Introduction to Genetic Algorithms

In response to my previous article about genetic algorithms for Ramsey theory, a few readers asked me to give a bit more of an introduction about genetic algorithms. Here you will find a beginner’s look at what a genetic algorithm is, what it is useful for, and how you can use one in your own work.

What is a genetic algorithm (GA)?

To begin with, let’s talk about what a genetic algorithm is, on its most basic level. The word genetic suggests something to do with biology. If you can reach way back to your high school science classes you might remember the basic genetic process: plants and animals are born, mate with one another, and create new generations. Over time, these generations tend to emphasize certain traits essential to survival while downplaying the weaker (recessive) traits. A genetic algorithm works much the same way. We come up with a population of possible solutions to a problem, “mate” them together, and look at our new solutions to see if they are any better. Over time, we can create solutions that converge to better and better values. This is useful when a problem is too complex to search all possibilities. Below you will see an image describing how a simple GA works.

GeneticAlgorithms (1)

Crossovers, fitness, mutation, oh my!

Before moving on, it would be useful to define some of the terms used above.

  • chromosome:  a proposed “solution” to the problem at hand. This is usually represented by a bitstring, that is to say, a list of 0’s and 1’s. It can also hold any other information that is crucial to our problem.
  • population: a collection of these “chromosomes” that we use to combine together and make new generations. The population represents the set of all the ideas that we have about this problem at the moment
  • fitness: the fitness of a chromosome is a number representing how good it is. That is, the fitness represents how good this solution is at solving our problem. An example of this is if you were trying to find the shortest route to get somewhere. Fitness for a problem like this would be a number representing the distance it takes for each path you could choose. In the end, you want to find the path with the shortest distance. Ultimately, the fitness function is defined by the programmer, and it can measure whatever you want.
  • mutation: mutation is the random entering of new data into the gene pool. Just like in biology, sometimes mutations occur and create things that were never intended. However, sometimes this inadvertent change can be to our advantage if we’re getting stuck. A common example of a mutation is to just change a small part of the chromosome, and move on.
  • crossover: the “crossover function” represents the operations that we do in order to “mate” two (or sometimes more) of our chromosomes.
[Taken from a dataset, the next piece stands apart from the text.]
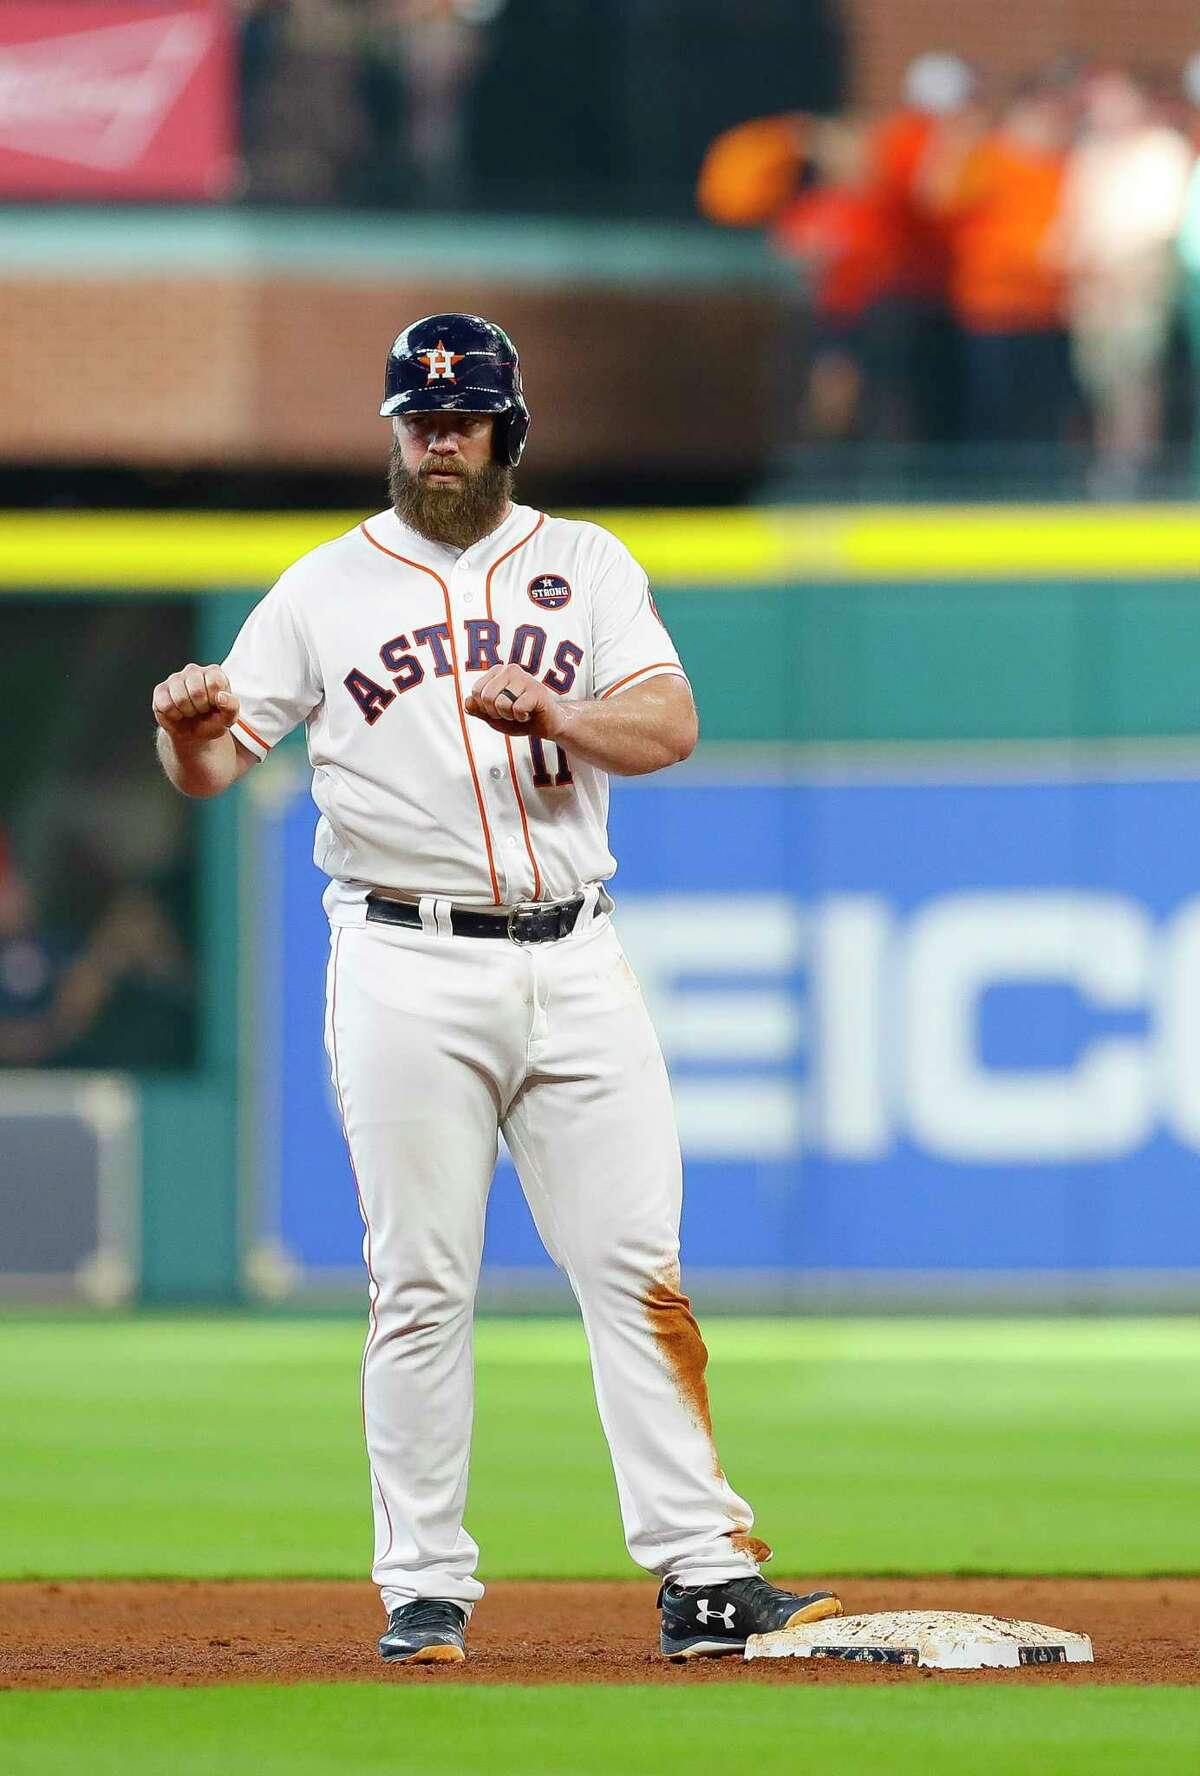 Astros catcher Evan Gattis is the designated hitter for Monday's ALDS game in Boston.

There are many different types of crossover techniques, some better for certain situations than others, but at the heart of it a crossover just represents a way to combine the “traits” of two or more chromosomes into a new “baby” chromosome to be inserted into our population. This is the bulk of a genetic algorithms’ work. As the population evolves and new generations of solutions are created, the goal is to keep around the solutions with “good” fitness, and get rid of the chromosomes that aren’t doing so well. The crossover is also user-defined, and tweaking it to optimize results is common.
  • termination condition: all good things must come to an end. While we in theory could just leave our algorithm running forever, that would not be very helpful because as I will discuss later in this post, solutions can’t keep getting better forever. In addition, sometimes you won’t actually get to the “best solution” and instead will converge on what’s called a “local minima/maxima”. When this happens, it means you’ve found an “okay” solution, but the population got flooded with many similar chromosomes and couldn’t improve itself after that point. Think of it this way: if everyone in the world were exactly the same, would you expect any different from their children? The termination condition you choose depends on the problem, but some common terminating conditions are:
    • a) finding the best solution (ideal)
    • b) running a preset number of generations and using that as a cutoff point
    • c) quitting after every member of the population falls within a certain similarity range (this means that no new/better solutions are likely to be produced)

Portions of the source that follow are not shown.